DATASET SECTION:
○ ○ ○ ○

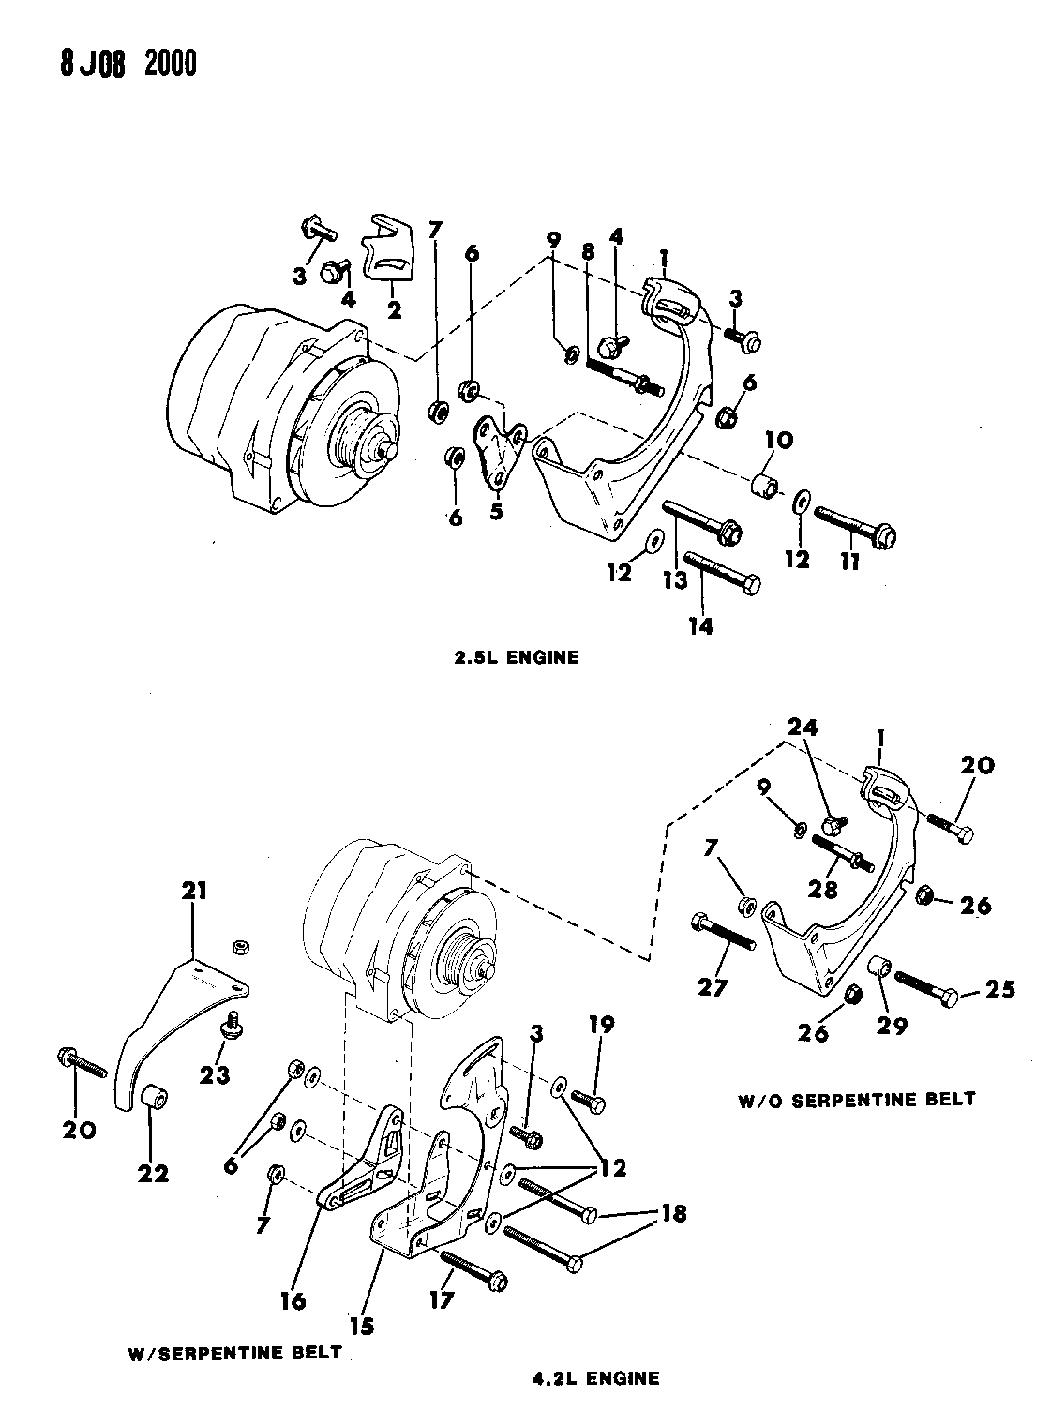 1989 jeep wrangler alternator mounting mopar parts giant rh moparpartsgiant com 1991 Jeep YJ Wiring Diagram 1999 Jeep Wrangler Wiring Diagram
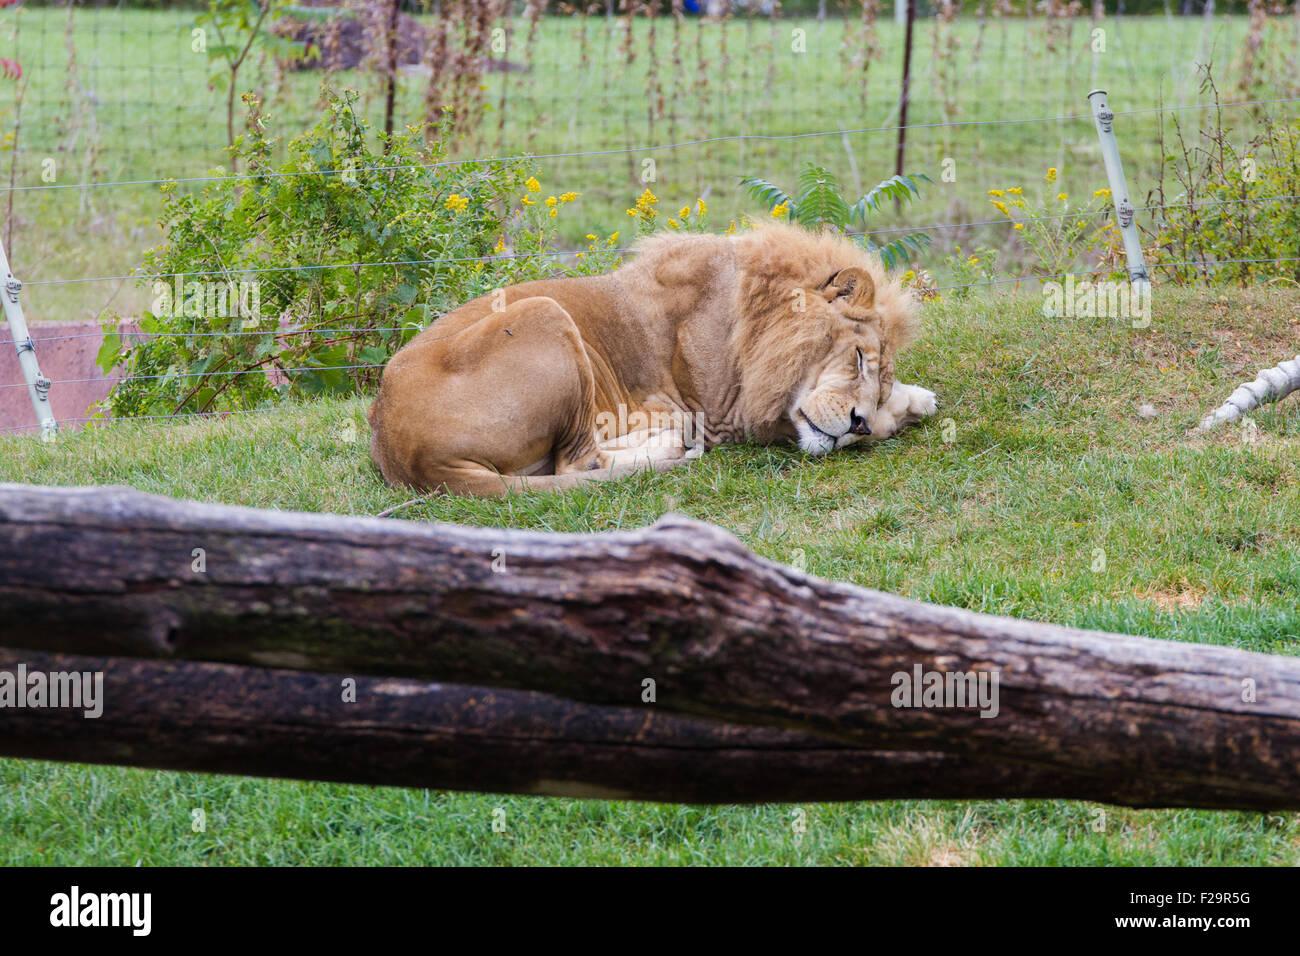 Lion sleeping inside cage Toronto zoo - Stock Image
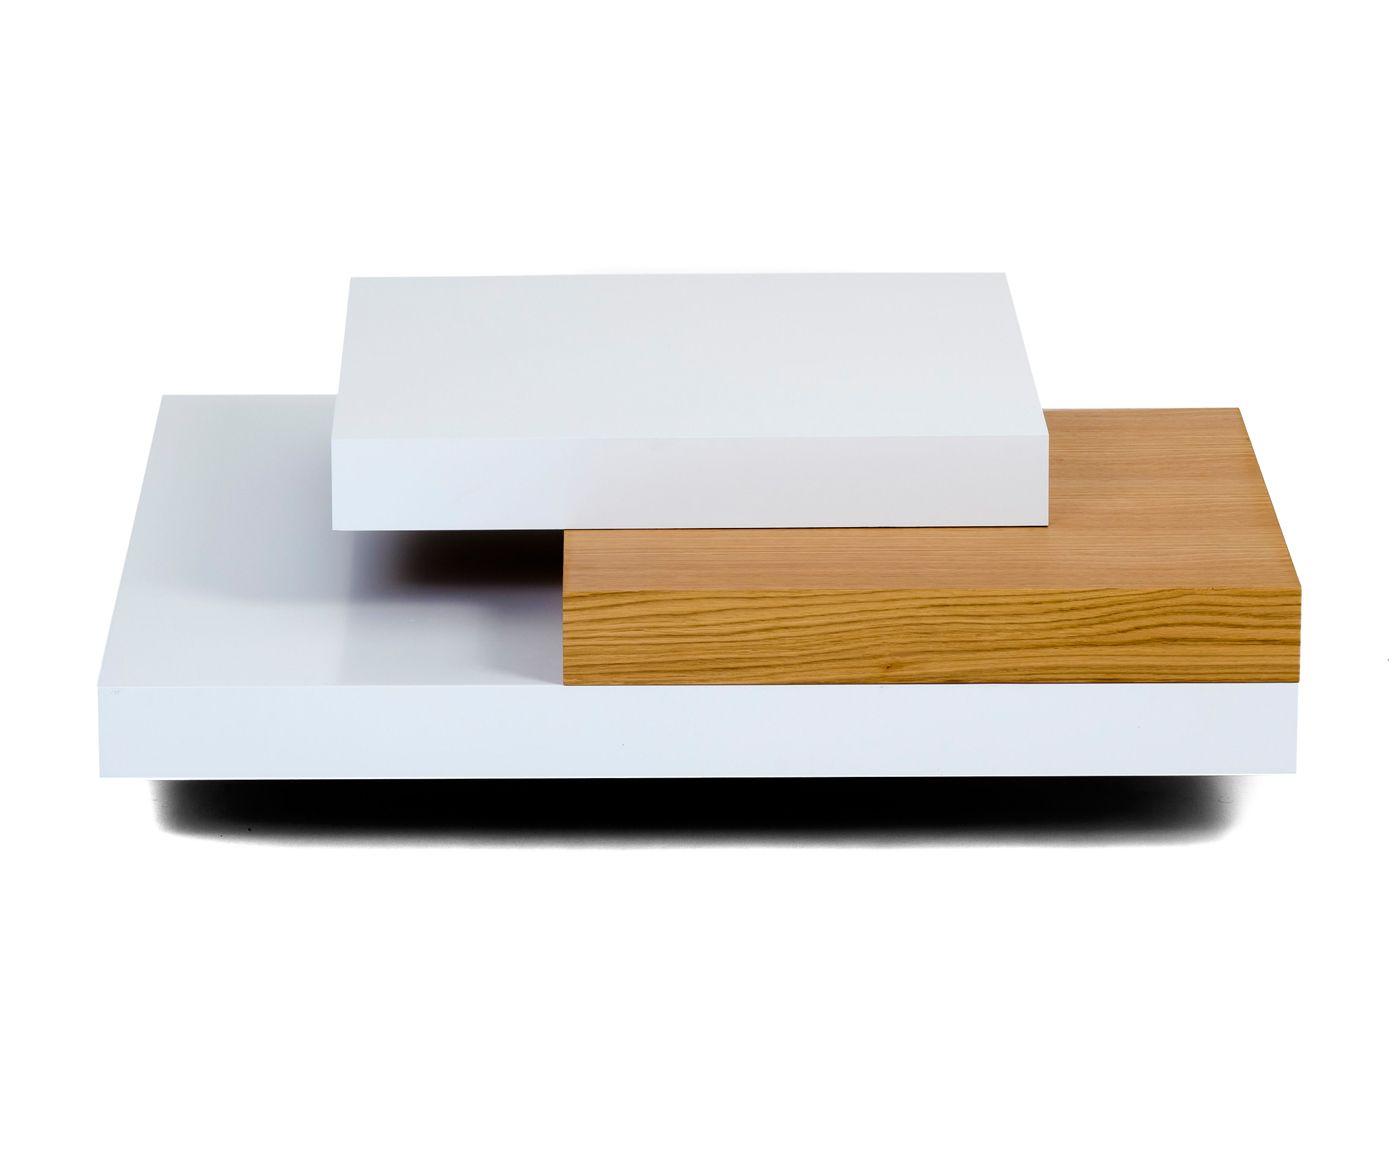 Couchtisch Slate, Eiche/weiß, B 90 cm | Westwing Home & Living

○ ○ ○ ○

YOUR GOAL: Return the data above in its exact wording, with none of the pictures.

YOUR SOLUTION:
 1989 jeep wrangler alternator mounting mopar parts giant rh moparpartsgiant com 1991 Jeep YJ Wiring Diagram 1999 Jeep Wrangler Wiring Diagram
 Lion sleeping inside cage Toronto zoo - Stock Image
 Couchtisch Slate, Eiche/weiß, B 90 cm | Westwing Home & Living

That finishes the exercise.